Strengths and limitations

The every-four-weeks regimen group had the highest drop-out rate. However, it is unlikely that this higher drop-out rate jeopardizes the conclusion, as drop-outs tended to have the same baseline values. The main reasons for treatment discontinuation in all groups were compliance‐related study visit violations. The noncompliance is not only an issue in this study but a problem also in clinical practice [37]. In this study, we see a slightly higher, though not significant, non-adherence rate with the most rigorous treatment schedule, which may be a justification for considering a lower treatment frequency as alternative, as this may increase patient compliance. But where some see frequent visits as a hassle, others will see it as a welcome social benefit. In the end, again, more personalized care might be the answer.

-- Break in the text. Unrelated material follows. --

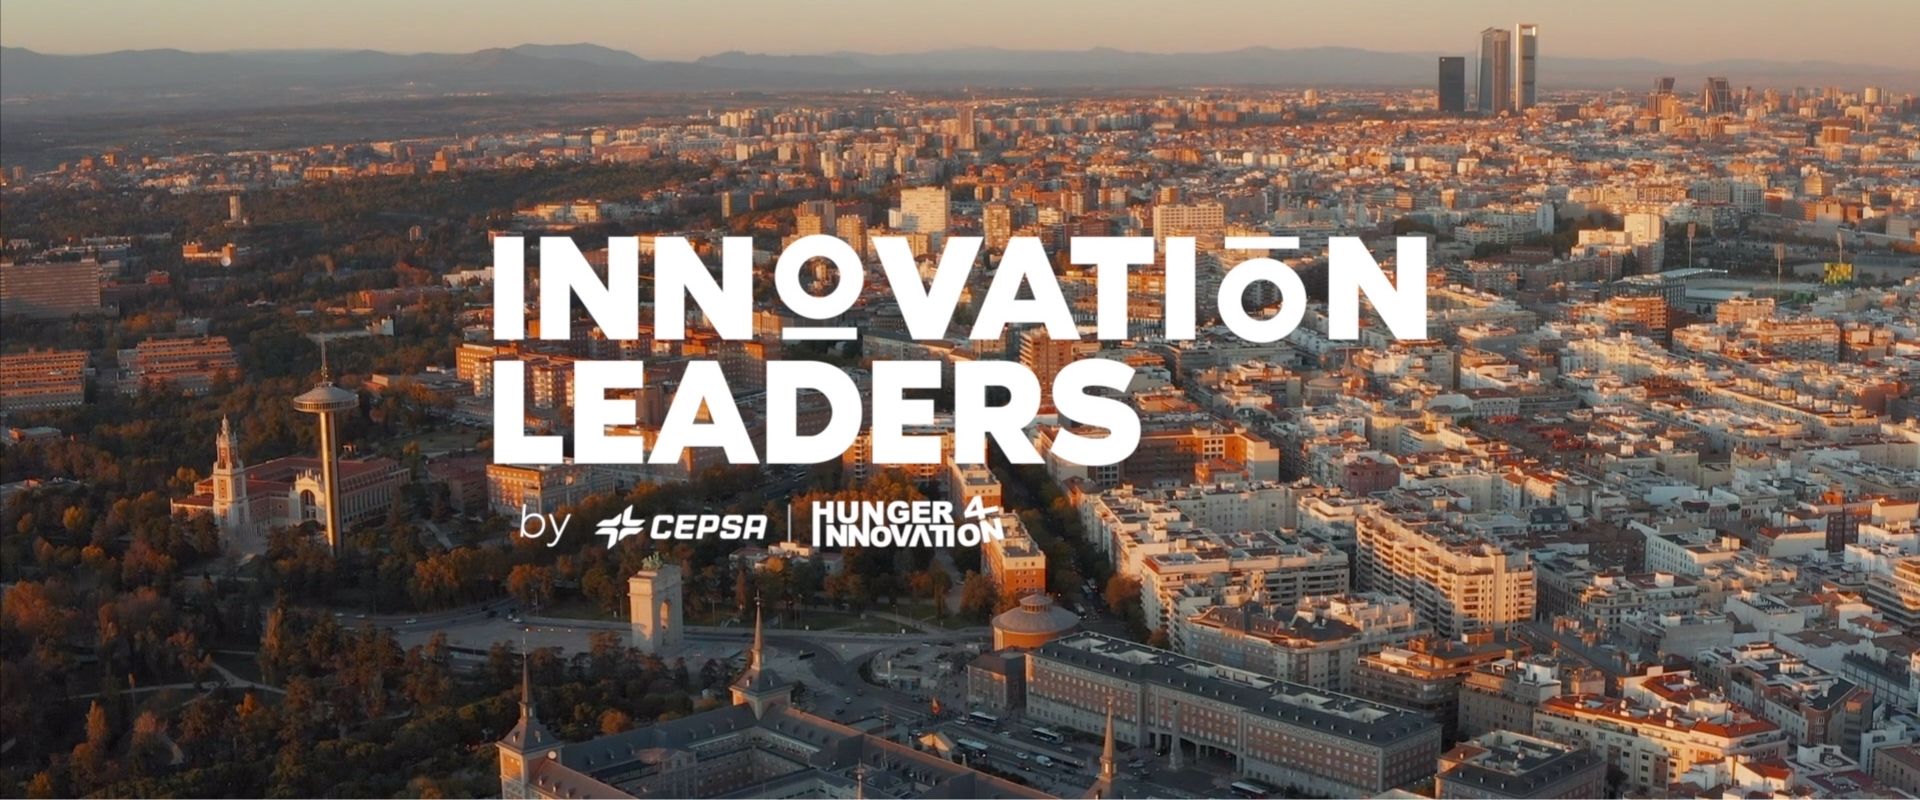 Innovation leaders evento emprendedores cepsa hunger4innovation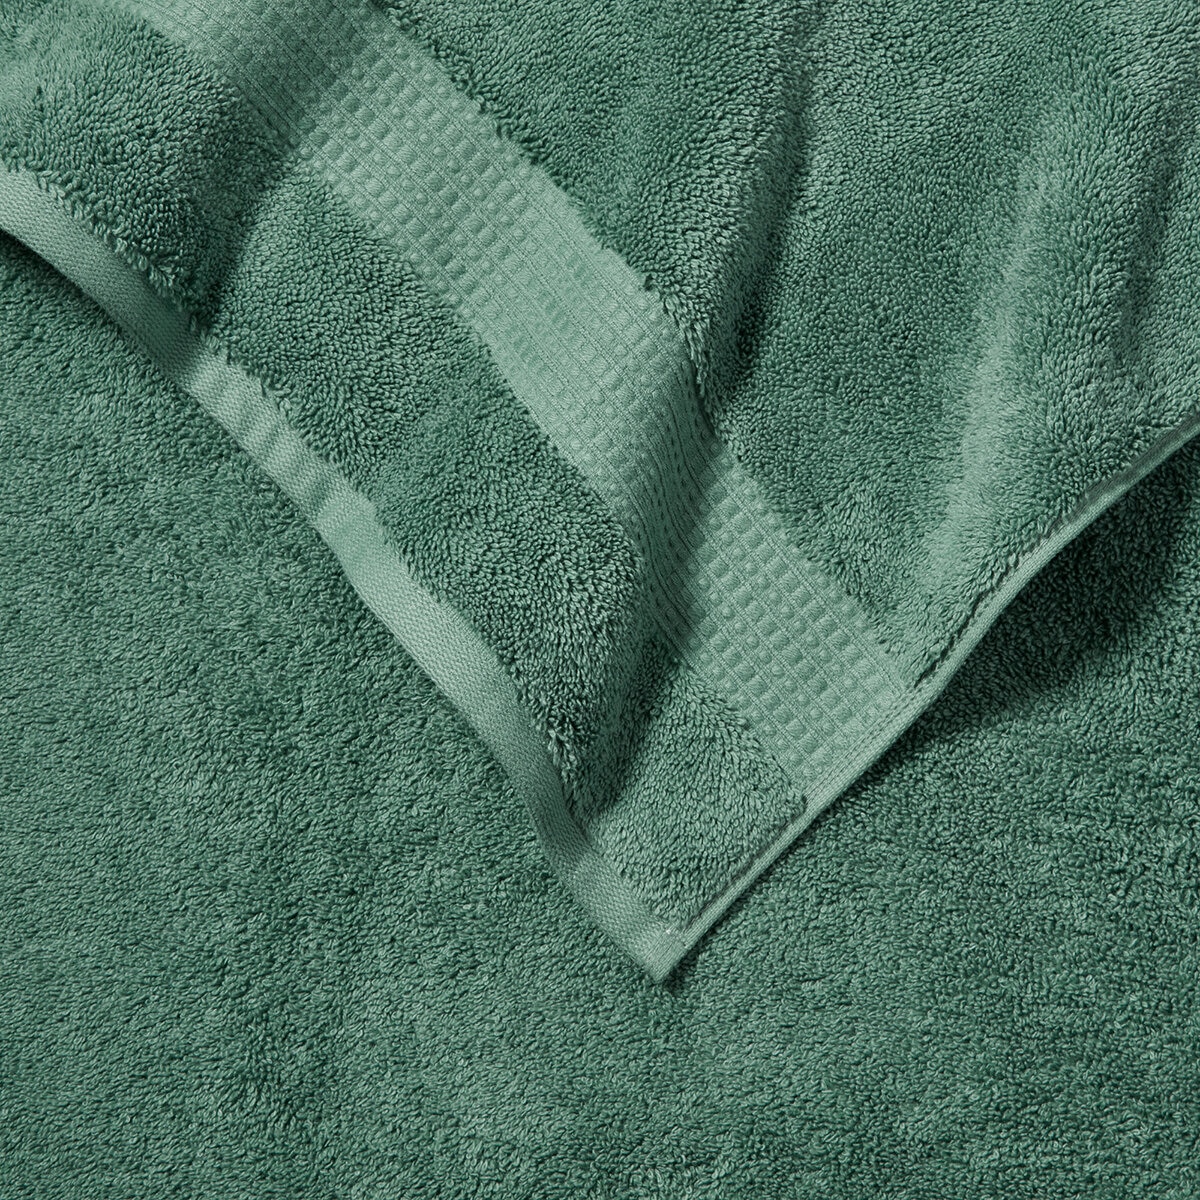 Juego de toallas modelo Cisne de color verde turquesa

Imbalances were found in the vision-related QoL baseline scores. Principally these differences are a coincidental result of randomization, but as it might have affected the results, the positive effect of the treatment was larger in the eight-week group, we corrected for baseline in the model. In this analysis the interaction between baseline and time confirms the influence of an imbalanced baseline. Apparently, patients with lower baseline scores on average have larger increase in QoL. This could logically be a result of regression to the mean. This same situation occurred in the previous study where the difference of 4 letters on baseline was equalized at follow-up [26]. It is obviously more difficult to improve more if you already have a high QoL.

Conclusion

Non-inferiority of the 6 and 8 weeks frequencies to 4 weeks was demonstrated on vision-related and general QoL in patients with nARMD. These results are in line with previously published results of these frequency injections. Lower injection frequency may reduce burden, side effects, and treatment costs. In consideration of these results, 6 and in particular 8-week frequency injections of intravitreal bevacizumab could be considered in patients with nARMD.